Туманов резко обернулся. Видя, что адвокат собирается проследовать за ним, негромко произнес, глядя в беспокойные глаза Ускова:
– Отвяжись, а. И без тебя тошно, как ты не поймешь. Крутишься тут под ногами…
– Что, значит, крутишься. Я выполняю свою работу. Такую же как вы, между прочим, майор. И не надо вот этого самого…
Федор покрутил головой, усмехнувшись. Ну, дает Усков.
– Ты помогаешь преступникам избежать справедливого наказания. Только знай, Новикову ты защищать не будешь. Так что не ходи и не копай тут. И можешь сразу расторгнуть свой дурацкий договор. Понял меня? – прозвучало угрожающе. Но это не остановило Ускова. Он взвизгнул, как поросенок, которого собираются резать.
– Знаешь что, майор… – начал он и осекся, потому что Федор схватил его за галстук и туго затянул его, отчего адвокат чуть не задохнулся.
– Ты что, хочешь как в тот раз опять без штанов остаться? – не повышая голоса, спросил Туманов.
– Ты псих, майор, – сдавленно произнес адвокат, чувствуя, что еще немного и доступ воздуха вообще будет перекрыт и он, скорее всего, потеряет сознание и грохнется прямо здесь в коридоре.
– Может, я и псих. Но если ты не сделаешь так, как я тебе говорю, то я заставлю тебя голым маршировать по Красной площади. Там в больнице, мой друг. И если он умрет, я пообещал этой шалаве, что прикончу ее. И будь уверен, я сдержу свое обещание. И с тобой будет так, как я тебе говорю. Понял меня, мразь? Все иностранные туристы набросятся на тебя с фотоаппаратами, фотографируя твои яйца. А теперь, пошел отсюда, – Федор толкнул адвоката так, что тот чуть не вылетел из дверей на улицу.
Дежуривший возле дверей молодой сержант, с интересом уставился на него.
Усков поправил галстук, чтоб можно было нормально дышать.
– Придурок ты, майор! – осипшим голосом произнес он.
Сержант подошел и постучал его по плечу.
– Вы оскорбляете товарища майора?..
– Никого я не оскорбляю, – отмахнулся Усков. – Это мы с ним так, по-свойски, – с недовольством сказал адвокат и пошел к своей машине.
Федор, прежде чем войти к Антонычу, постучал в дверь. Потом спросил, чуть приоткрыв дверь, как всегда делал сам Мушкаренко.
– Можно к вам? – и только услышав голос главного криминалиста, вошел. Осмотрелся, находя, что кое-что тут уже изменилось.

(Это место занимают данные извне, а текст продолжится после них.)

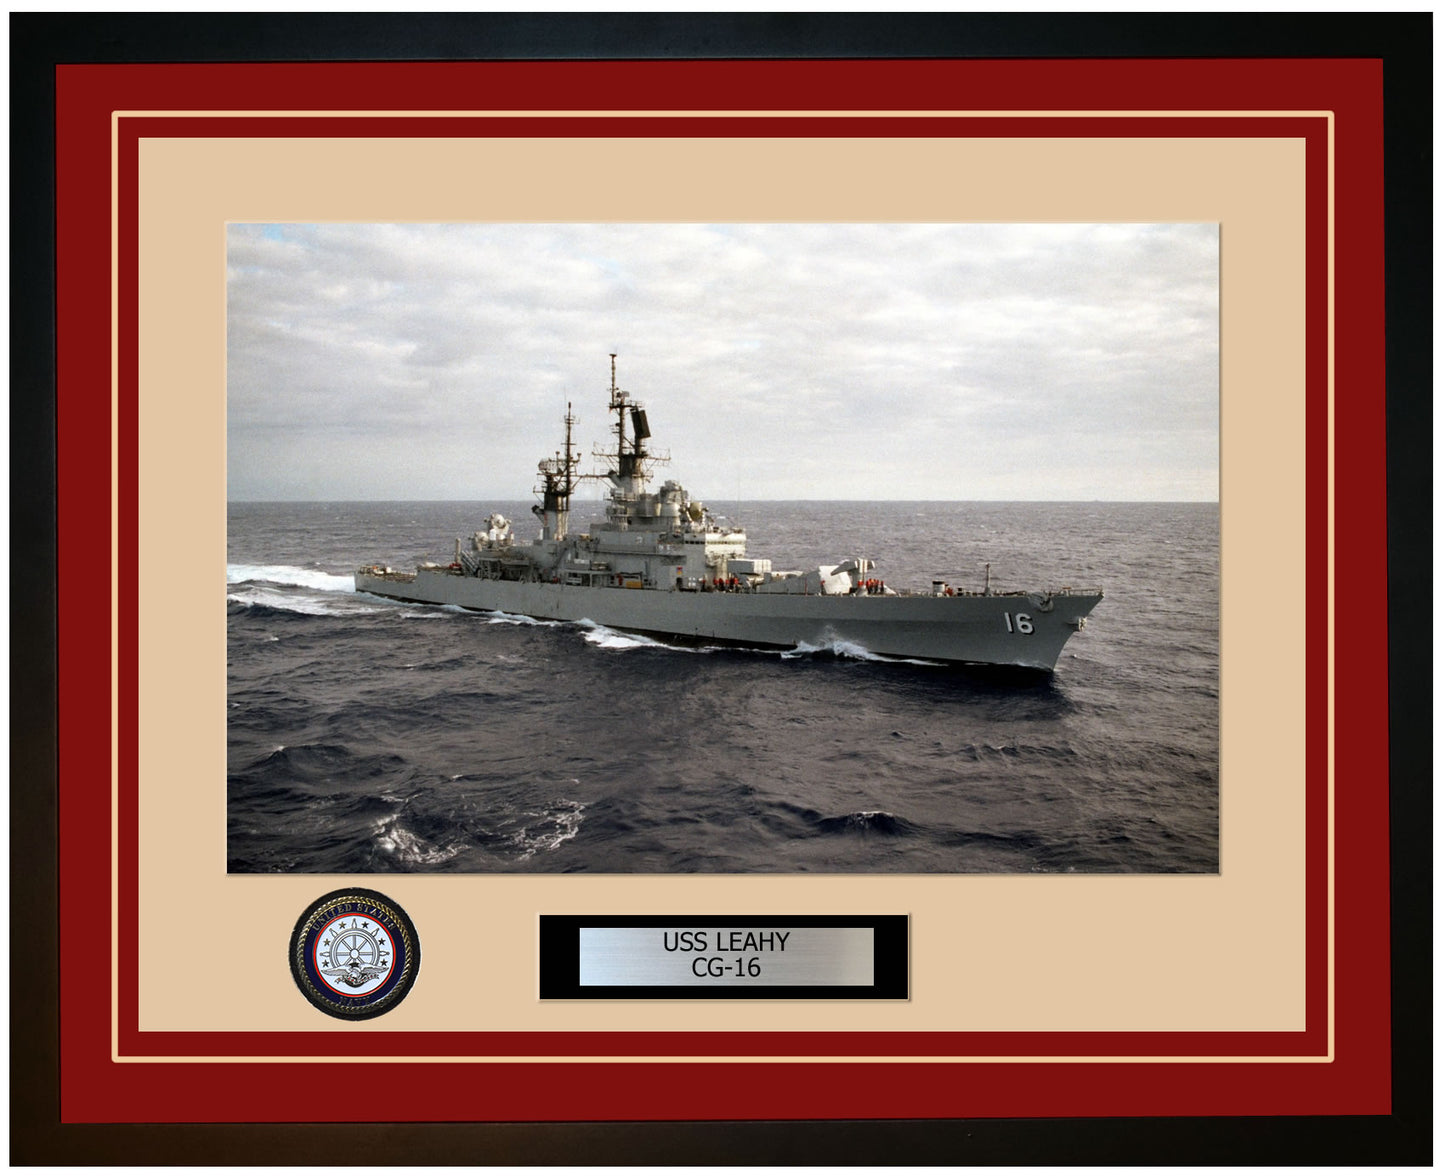 USS LEAHY CG-16 Framed Navy Ship Photo Burgundy

Антоныч собирал свои вещи. В соседнем кабинете слышался смех двух молодых его помощников, один из которых что-то довольно громко рассказывал.
Федор заметил волнение, которое Антоныч тщательно старался скрыть от него. И хотя на лице его была улыбка, майор без труда догадался, что это всего лишь маска. За ней Антоныч скрывает грусть. Старик пытался внушить себе, что ничего страшного не произошло, все нормально и его уход, это неизбежная закономерность, которая поджидает каждого сотрудника, достигшего пенсионного возраста.
– Как же так, Антоныч? – спросил Туманов, своим вопросом отрывая старика от дел. Тот отложил в сторону служебный фотоаппарат «Зенит», с которым не расставался более тридцати лет и, кивнув на стенку соседнего кабинета, сказал:
– Хватит. Я уже свое отработал. Знаешь, как старая машина, которая в силу износа не подлежит ремонту. Так и я. Пусть теперь молодые поработают. Я сорок пять лет отдал родной милиции.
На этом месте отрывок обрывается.